Trembling With Fear 11/25/2018

For our US readers, Turkey Day has come and gone. We hope you all gave into gluttony and got stuffed on whatever it is you enjoy munching on! Following that was Black Friday, the darkest holiday of all in our nation, as we worship at the alters of consumerism. Hello debt! 

At any rate, I’d like to take this moment to give thanks to all of you. Without our growing readership Horror Tree wouldn’t still be expanding! Without our spectacular Patreons, Horror Tree wouldn’t have been able to afford to keep the website going! Without our amazing authors, Trembling With Fear wouldn’t have become such a hotspot for Sunday morning reading. 

So thank you. Each and every one of you! 

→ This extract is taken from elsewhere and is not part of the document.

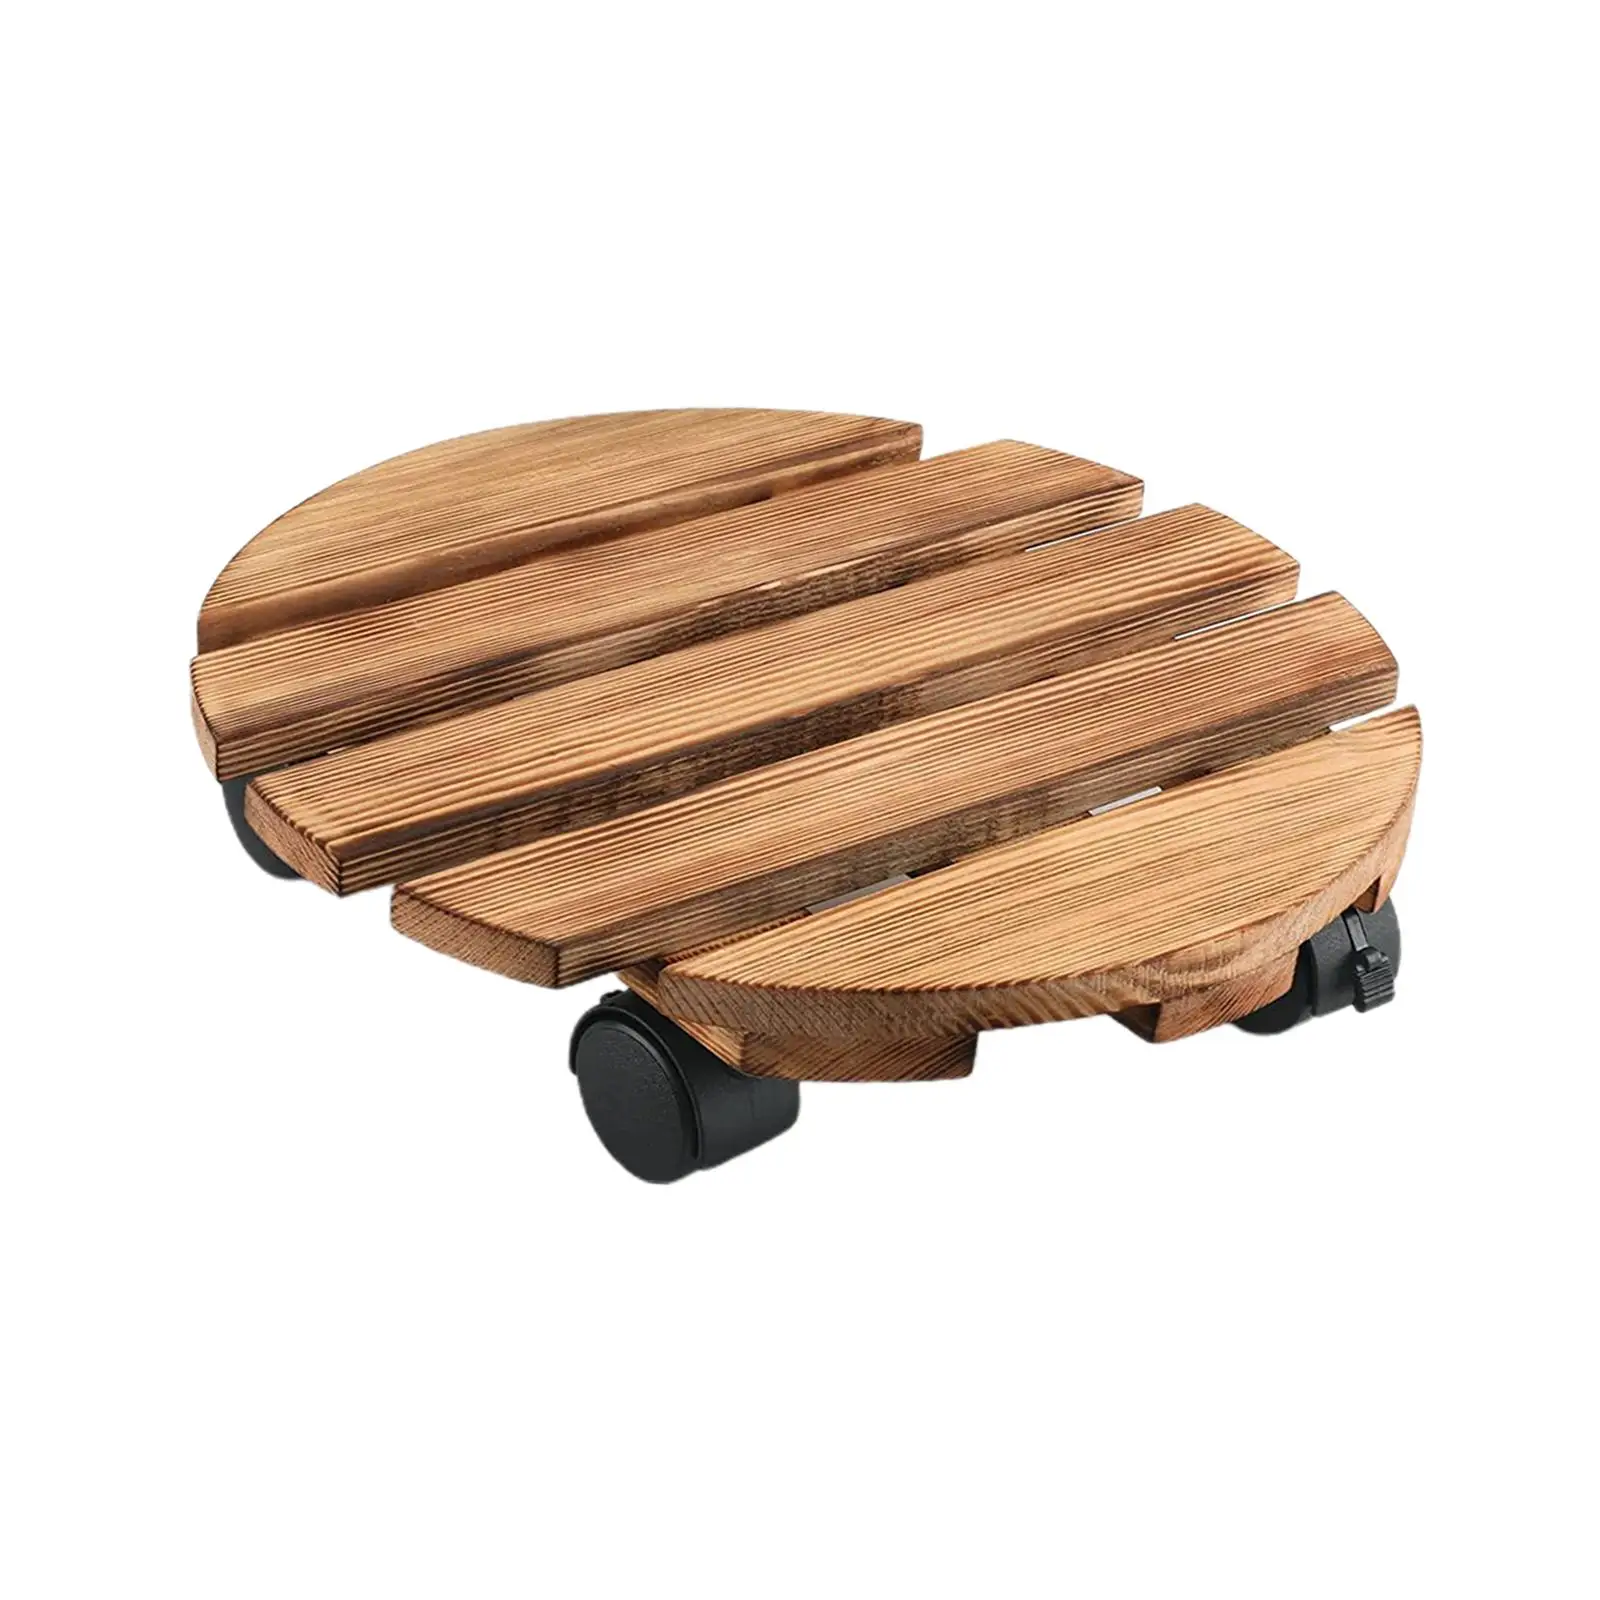 Planter Stand Base Wood 30x30cm Sturdy with Caster Wheels Wear Resistant Plant Stand for Patio Indoor Garden Room Outdoor

‘Trembling With Fear’ Is Horror Tree’s weekly inclusion of shorts and drabbles submitted for your entertainment by our readers! As long as the submissions are coming in, we’ll be posting every Sunday for your enjoyment.

Stuart Conover

Editor, Horror Tree

Shearing Season

“Mama, may I go outside today?” Sammie wanted to go pet the sheep in the pen one more time before their wool was sheared. They were so fluffy. One sheep in particular would even let Sammie hug him, so she’d decided they were friends and named him Abraham.

Sammie stood outside Mama’s door, waiting for the answer. There was a long pause. “May I go outside, please?” Sammie called, remembering her manners.

“After your chores,” Mama said, her voice slightly muffled through the closed door.

“Thank you, Mama!”

Sammie’s wool skirt swished around her shins as she ran down the hall to the kitchen. Her limp was almost gone now. The wooden slats creaked beneath her bare feet. She was sad that after tomorrow the sheep would be cold, but she wasn’t too sad since she’d be getting a new skirt soon. Hers was too short now that she was almost ten years old. It had lots of patches and more stitches than her brother Billum did in his back. She’d counted.

Sammie glanced at the paddles hanging from their hooks on kitchen wall, easily finding the newest one. It stood out because it was clean. The handle wasn’t black from Mama’s sweaty hands and the board didn’t have any blood stains yet either. It still smelled like a fresh-cut log. Across the top in cursive letters the paddle read SAMANTHA and Sammie was proud of how nice it looked. She’d written it herself.

In the kitchen, the evening lantern was already put away, and the clapboards over the washbasin were open. The sun shined on the orange tomatoes set on the window sill to ripen. For a moment, Sammie was tempted to eat one since the tomatoes weren’t squishy and gross inside yet, but she didn’t. She wasn’t a wicked girl.

She wasn’t allowed to boil water by herself, and Mama was doing penance in her room, so instead of hot porridge Sammie made gruel. It was cold and gross like tomato slime, but it wasn’t for her so Sammie didn’t care too much. She’d already eaten her breakfast.

Above the paddles on the wall were Bible verses. Sammie picked Exodus 23:25—her favorite one there. Billum had written them but his cursive wasn’t as good as hers. Just like she’d been taught, Sammie poured the gruel into the burl bowls and blessed each one. “And ye shall serve the Lord your God, and he shall bless thy bread, and thy water, and I will take sickness away from the midst of thee.” Her voice echoed slightly in the washbasin as she prayed.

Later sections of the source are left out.